Category: Joanna Broder
Kennebunk Mailman Wins Hero of the Year Award
WASHINGTON, Sept. 28 — The grisly collision between a motorcycle and an automobile in Sanford left the motorcyclist’s leg severed about three inches below his hip. The 26-year-old man screamed in pain, shock and perhaps disbelief. No one was yet there to help.
But David Heald, an off-duty Kennebunk mailman, witnessed the accident at the busy intersection and, without missing a beat, veered his truck to the side of the road, whipped off his shirt to cover the man’s wound and wrapped a bungee cord around the severed limb. With a crowd gathering, Heald held the make-shift tourniquet – telling the young man to “hold on” – and waited an excruciating seven minutes for rescue workers to arrive.
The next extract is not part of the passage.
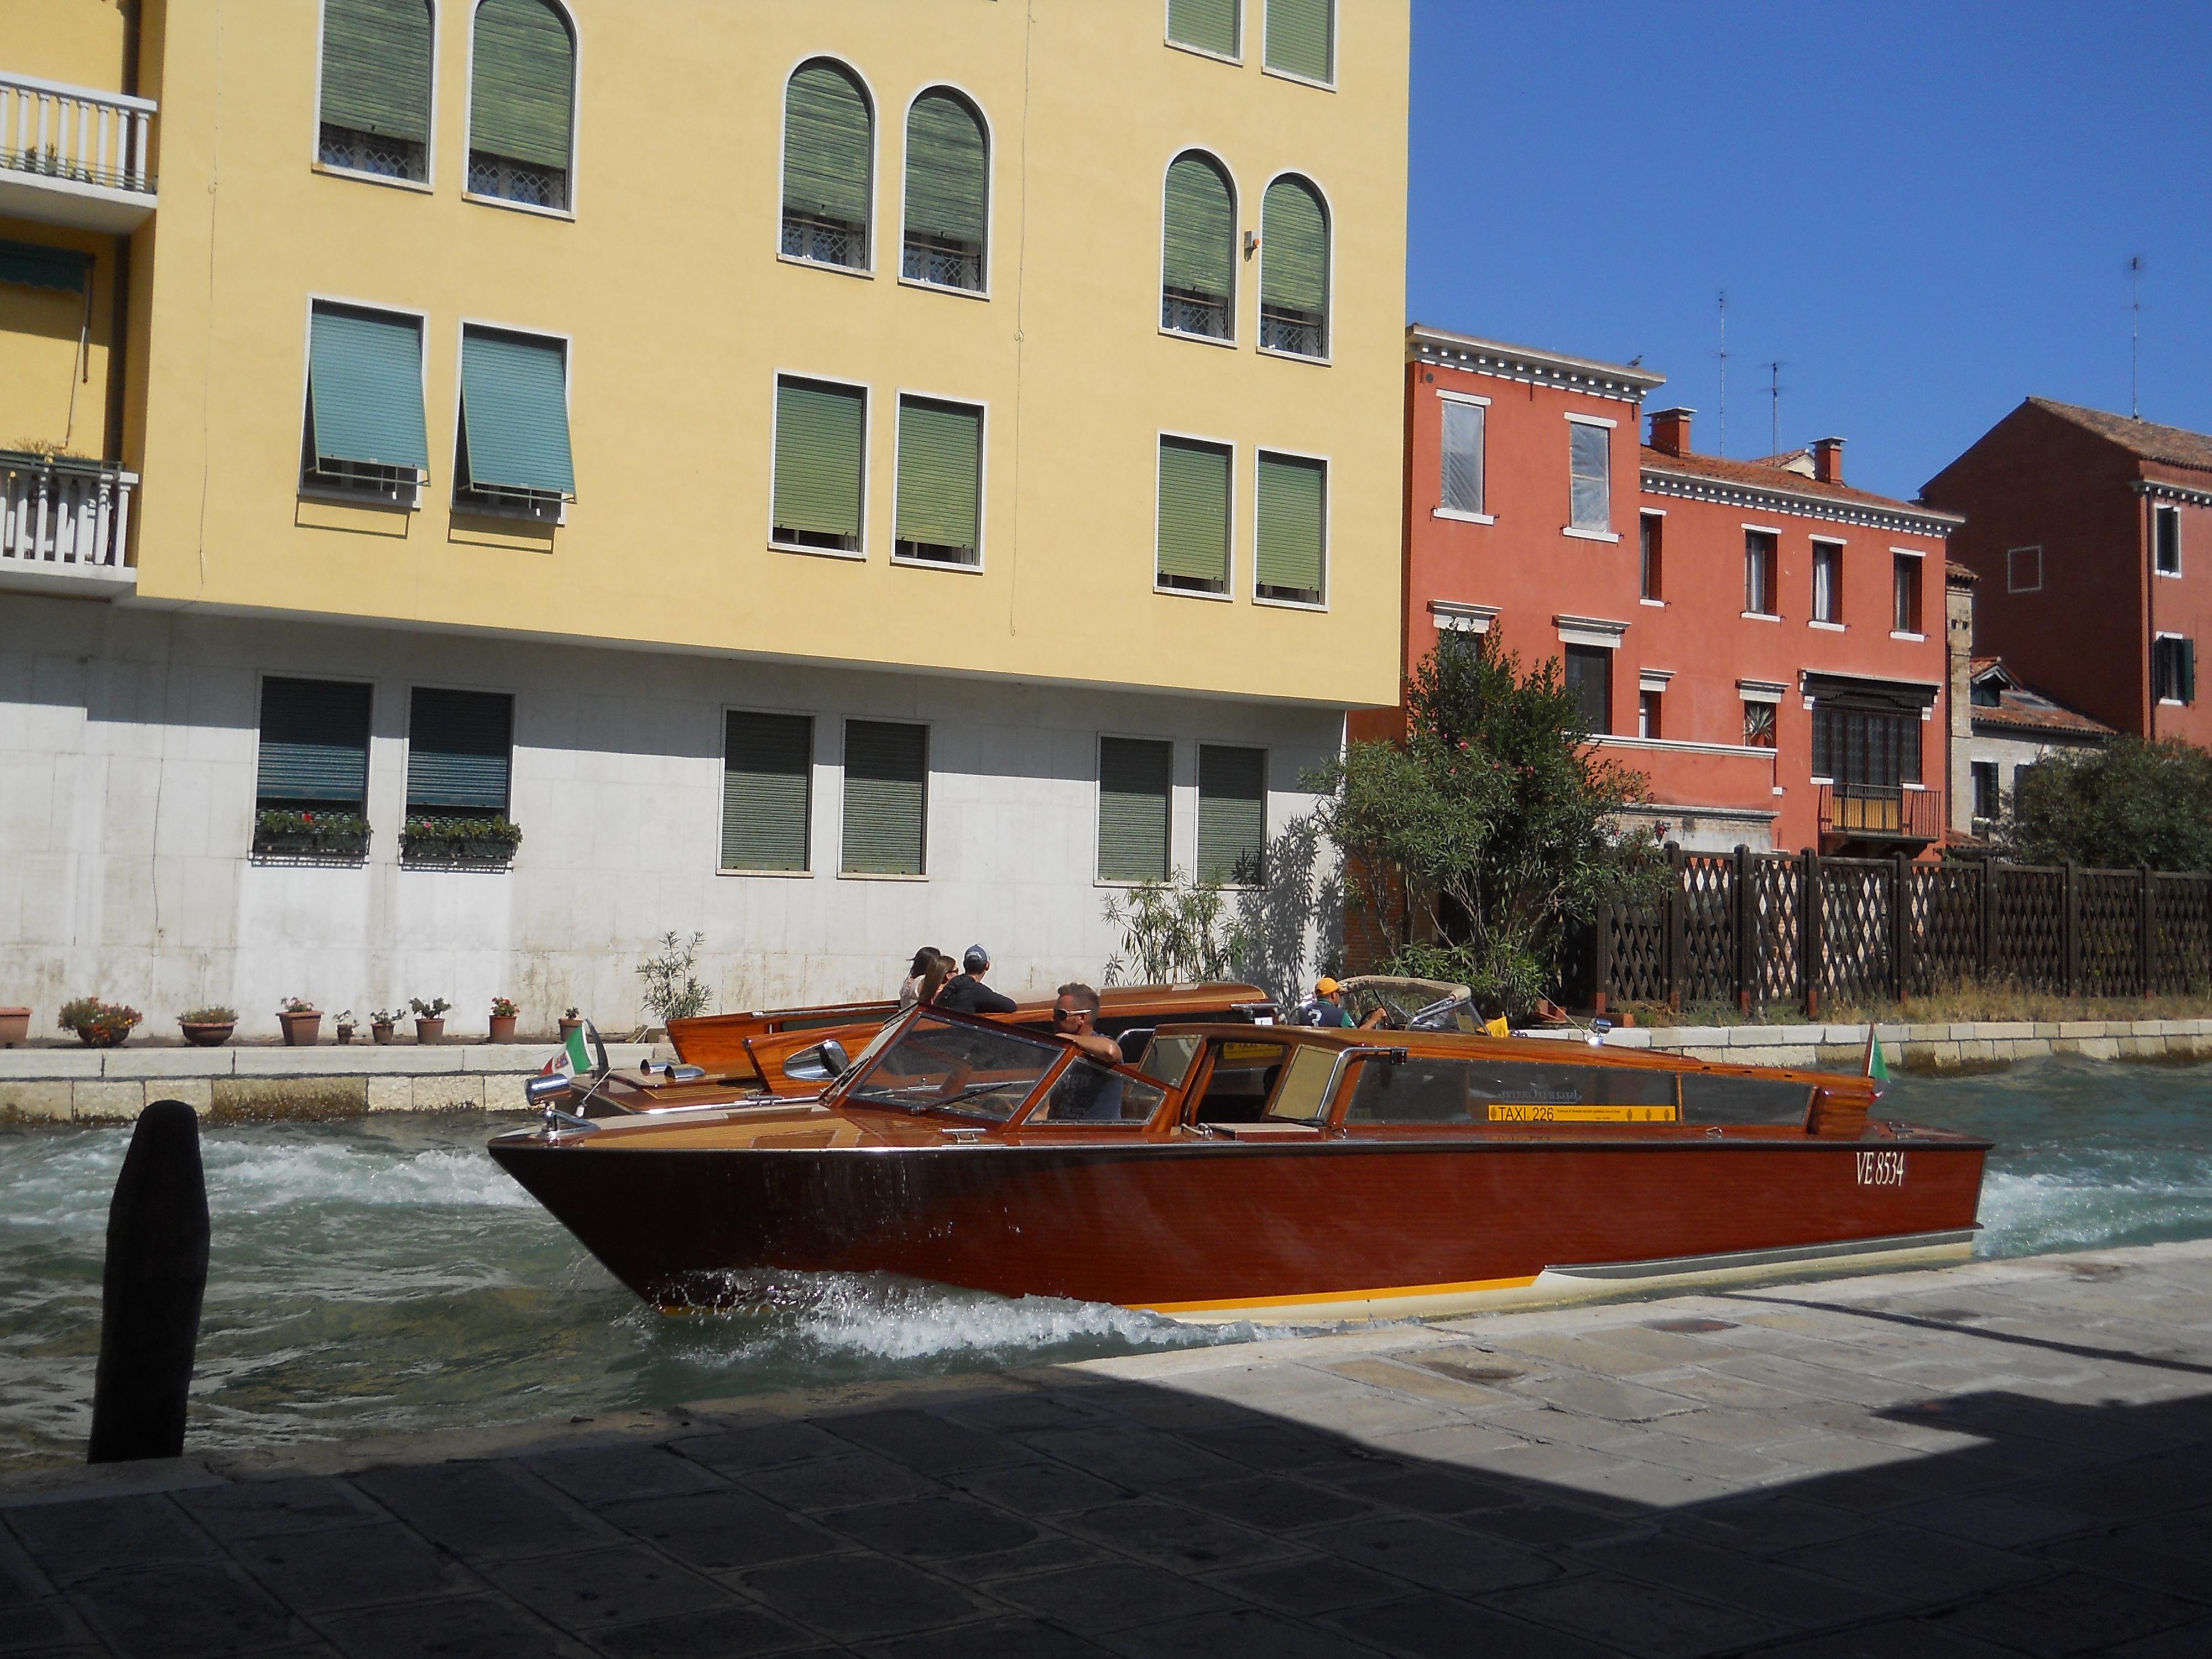 Venecia Water Taxi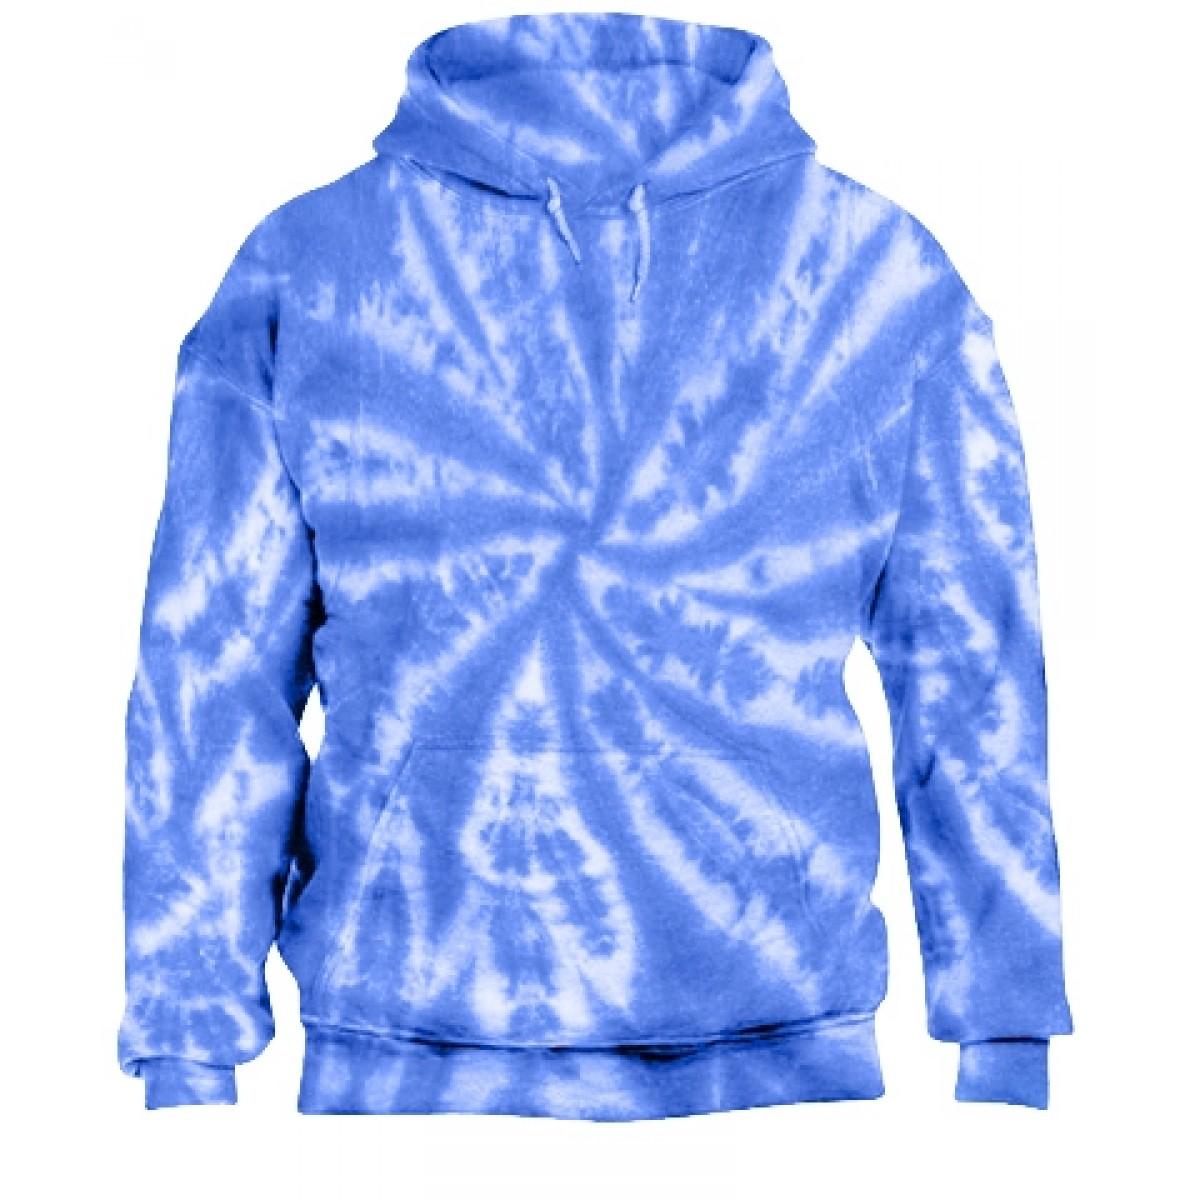 Tie-Dye Pullover Hooded Sweatshirt-Blue-M

“It was extremely gory,” recalled Heald, who ran past the victim’s leg 25 or 30 feet before reaching him.
“It’s the military thing,” said Heald, a 42-year old Navy veteran. “They teach you to act and not react.”
His quick reaction was recognized Wednesday, just over a year later, as Heald came to Washington to receive his Hero of the Year Award from the National Association of Letter Carriers. A broad smile crept across his previously expressionless face when Sen. Susan Collins stopped by the luncheon to deliver his award.
“Yes, he used the life-savings skills that he had learned in the Navy, but he also used the compassion that he had in his heart,” she said.
Heald said that while he was excited to receive the honor in Washington he was more pleased that the injured motorcyclist survived.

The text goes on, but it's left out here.